Here’s how to drive in rain and in floods

October 11, 2017

We have witnessed the severe storms that hit Johannesburg and Durban this week.  We saw or even experienced the photos of cars being washed away or being covered by water.

 

So when I saw this article in Wheels 24, I decided that we can all use this advice when faced with a similar situation.

 

 

 

Driving in rain


• Give yourself more travel time so you do not have to rush in bad weather
• Adjust your speed to suit the conditions, however, do not slow down unnecessarily as this is just as dangerous
• Driving recklessly increases chances of hydroplaning
• Do not use cruise control and turn on your headlights
• Brake earlier and with more caution
• Leave more following room
• Ensure there are no distractions in the vehicle before you leave
• If you hydroplane, slowly lift your foot from the accelerator but do not brake harshly or move your steering wheel violently

 

Driving during floods

First and foremost, avoid low-lying bridges, areas prone to flash floods or large pools of water in the road wherever possible. If, however, you are unable to avoid one of these situations, this is the least that you should do.

 
Pools of water:


• Estimate the depth of the water. Avoid driving through water which comes to the middle of your tyre. Even if you avoid being swept away you risk serious damage to your car
• Most drivers risk driving through a pool of water but roads which collect water are more vulnerable to collapse and it is easy to underestimate their depth
• Drive in the middle of a road where the water is at its lowest
• Pass one car at a time, do not drive through water against oncoming vehicles

 
Fast-flowing water


• Never drive through fast flowing water.
• It only takes 15 cm to touch the bottoms of most cars and consequently cause loss of control or stalling
• Your car tyres will lift off the tar at 30cm of water where you can lose control or get washed away
• Even 4X4s can be washed away in 60cm of water
• Drive slowly and steadily through while in first or second gear or the lowest gear in automatic vehicles
• Once you are through the water, lightly touch your brake a few times to dry them off.
• If your car stalls and you are not in danger of being swept away, do not restart the car.
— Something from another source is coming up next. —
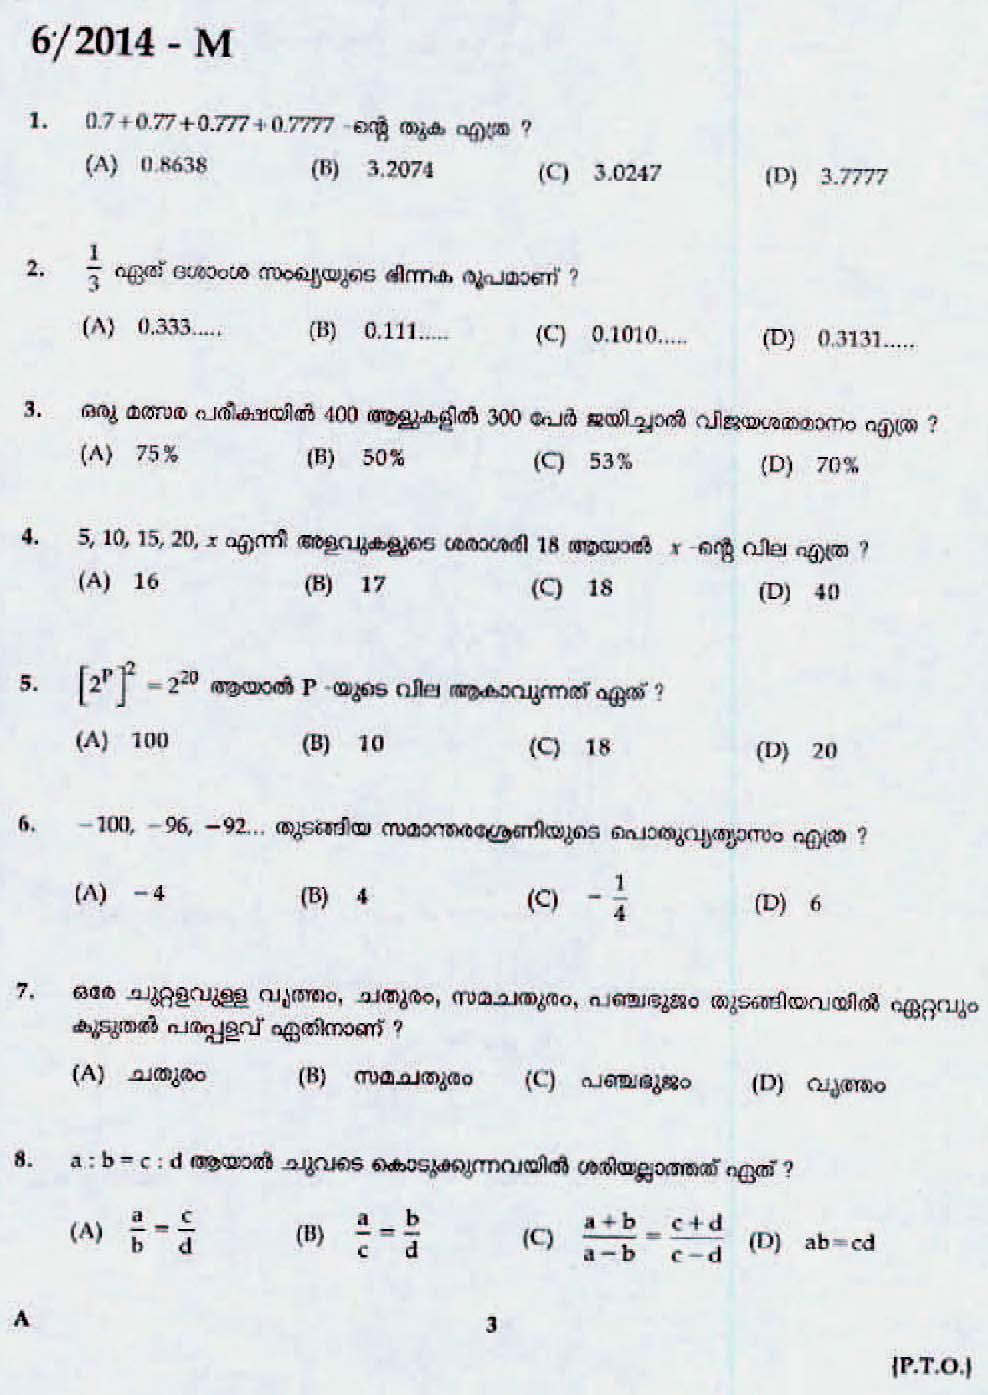 LD Clerk Question Paper Malayalam 2014 Paper Code 062014 M 1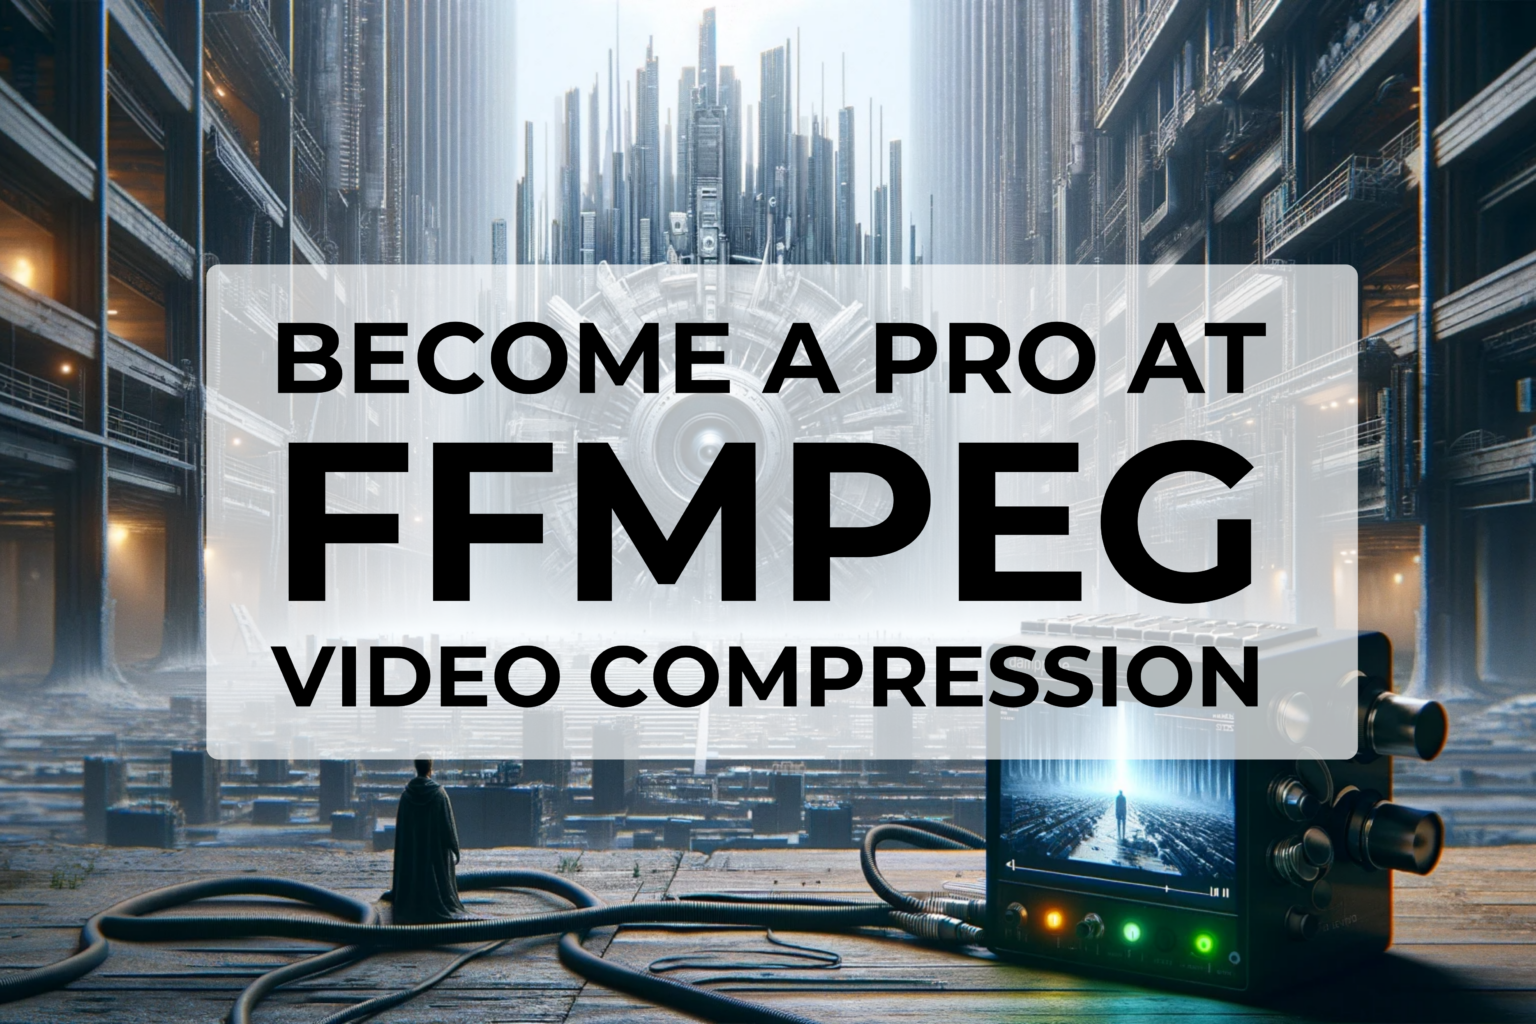 An example of video compression using FFmpeg

Rather get a mechanic to check no water has made its way into the engine

 
When caught in an unexpected flash flood


• If suddenly you start losing grip it might be because the car is starting to float.
• Open the door to let some of the water in which will weigh the car down and allow the tyres to grip the road again
• If you are in danger of being swept away abandon the vehicle if you have an opportunity to do so safely.
• Be overcautious. Rather be safe than sorry.